I wondered if it had been the same woman we almost hit when we left their house and saw that Lana was thinking the same thing. If we’d stopped, maybe April would be okay. Of course, the bite didn’t explain the sickness. No way a bite could have affected her that fast, not a human bite. I knew human bites were hellacious and often caused infections, but that took time, didn’t it? “Let’s get her to the car. She needs medical attention now.”

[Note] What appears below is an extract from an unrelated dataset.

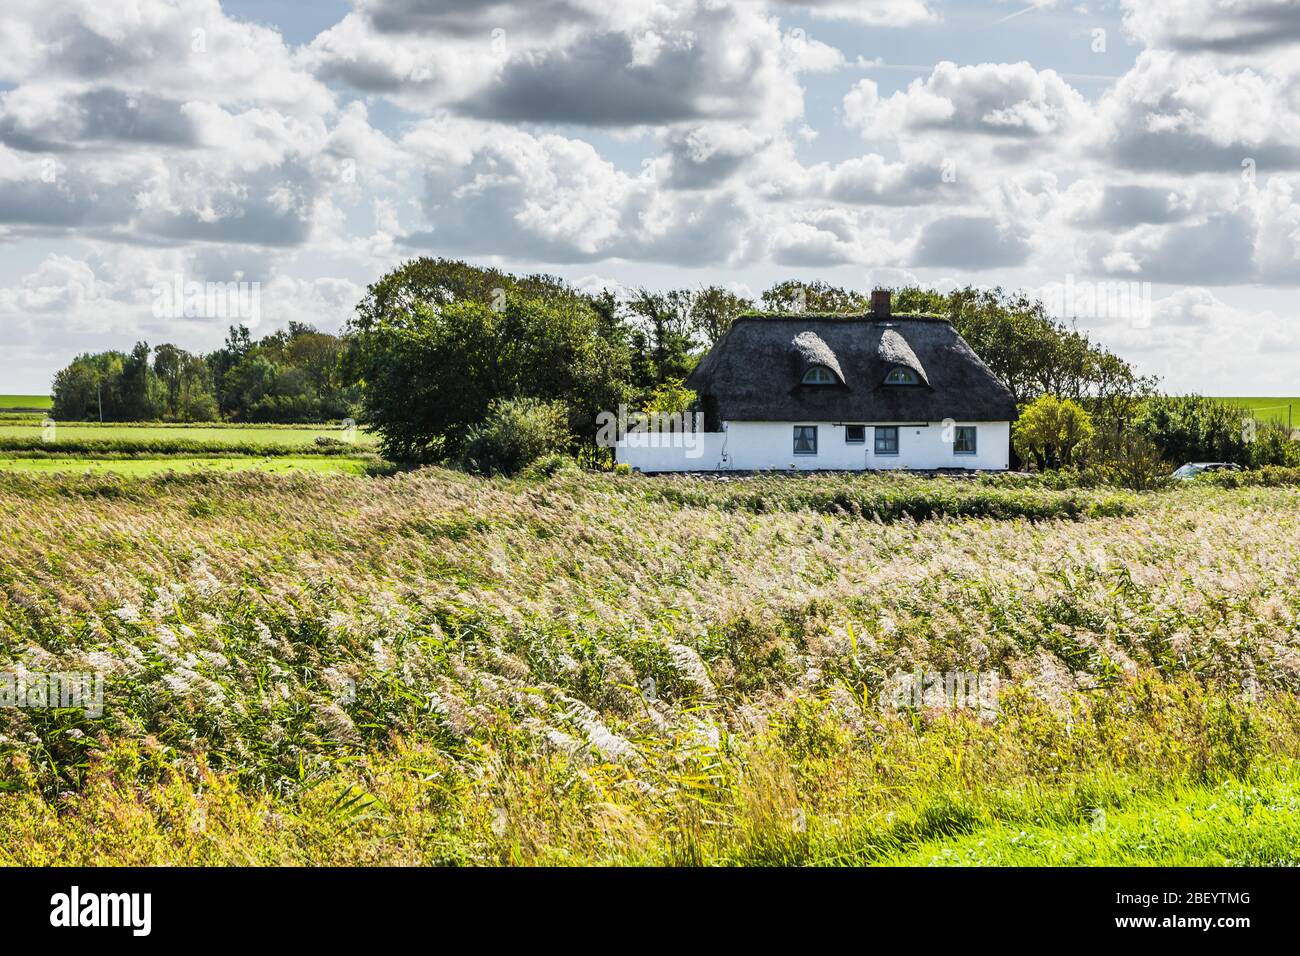 Ferme dans un paysage rural vert à la péninsule de Nordstrand, en Frise du Nord, en Allemagne Banque D'Images

“If I move her, it hurts her. I don’t know how we’ll get her out there without hurting her.” This Rod I almost felt sorry for because it appeared he genuinely cared about April. I’d believe it, too, if I didn’t know him as well as I did.

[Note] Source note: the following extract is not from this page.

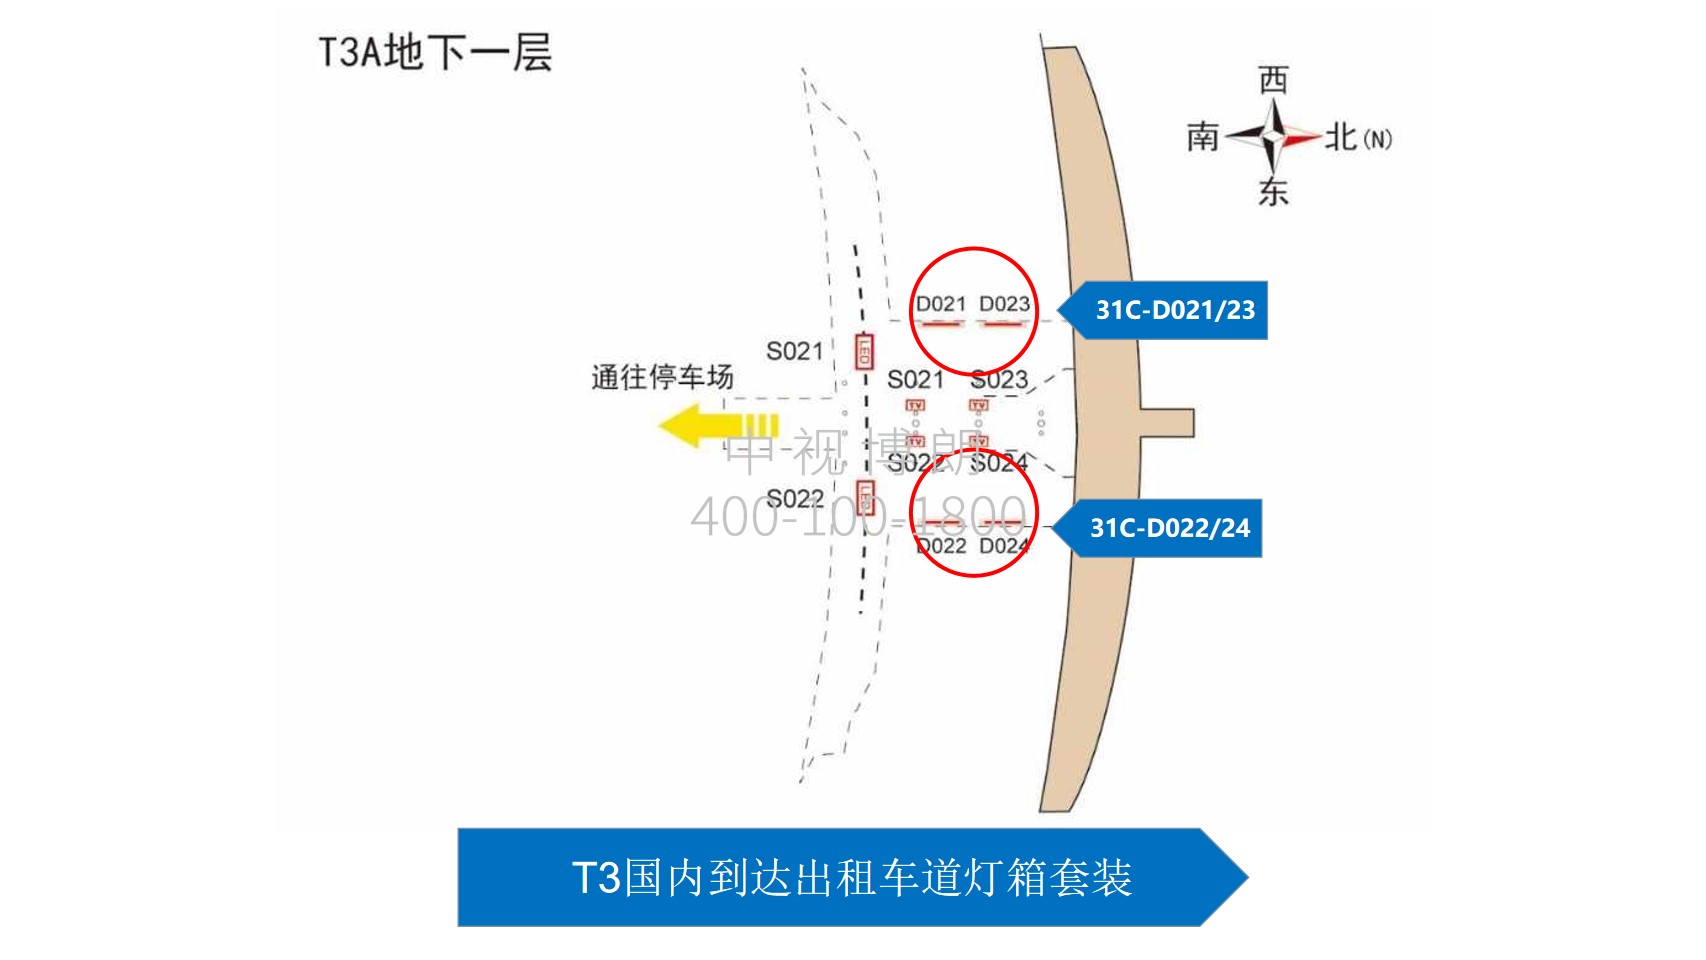 北京首都机场广告-T3到达出租车道落地灯箱套装位置图

“Let’s get her bite cleaned and give her some pain meds.” At his distressed look, I said, “Tylenol and ibuprofen work wonders together. No opioids needed. Can you go grab some?”
He stood there for a moment, still looking shell-shocked and then nodded, rushing from the room.
I sat beside April and took her hand gently. “Can you hear me?”
She moaned and her lids fluttered open. “What are you doing here?”
“Rod called us to get you to the hospital.”
Her face grew more distressed. “No. The hospital will cost us a fortune and we don’t have insurance. I’ll be fine,” she said, though her voice trailed off as a wave of pain hit her. I could see the way it moved in a wave as first her hand clenched, then her whole arm, the tendons standing out in harsh relief against her pale skin. Her fingernails dug into me but I didn’t pull away, merely waiting until the spasm or cramp or whatever it was passed. When it finally let go of her, she sobbed and turned her head into her pillow. “Just let me die.”
Lana and I looked at each other and then she leaned over. “Honey? Can you walk to the car? You need a doctor now. Please don’t worry about the money. We’ll all figure that out together later.” Her expression told me to shut the hell up and I said nothing, though I really didn’t want to be financially responsible for my wife’s ex-husband’s girlfriend’s medical bills. And I certainly didn’t want to deal with it together like we were some sort of weird family unit, but I understood where she was coming from. Get her to the hospital, the rest would sort itself out. Lana was a doer, sometimes to everyone’s detriment.
“No,” April moaned, but didn’t fight us when we eased her to her feet. She hung limply between us as we walked her down the hallway past more glassed display shelves full of dolls. We got her almost to the porch steps when Rod came out, pills in one hand and glass in the other. “I thought we were doing her bandage first.”
“We knew it was hard for you to see her in pain, so we decided to move her while you weren’t in the room,” Lana said. We continued down the dark sidewalk and I cursed softly when my shoe sank into a puddle and cold water soaked through to my socks. Lana unlocked the car door with the fob and April scream-cried as we eased her into the backseat. “Rod, get your shoes on and lock up the house. Bring the water and pills. You can give them to her as we drive.”
He nodded and charged back up the walk. I started the car and turned on the heater since April was shivering hard enough to knock her teeth together. I thought I heard a scream, so I turned down the fans to listen. The same damn dog was still barking up a storm, but the scream didn’t come again. “I’ll be glad to get home,” I said, tamping down the sudden feeling that I was in the start of a horror movie and the first death by monster was about to happen.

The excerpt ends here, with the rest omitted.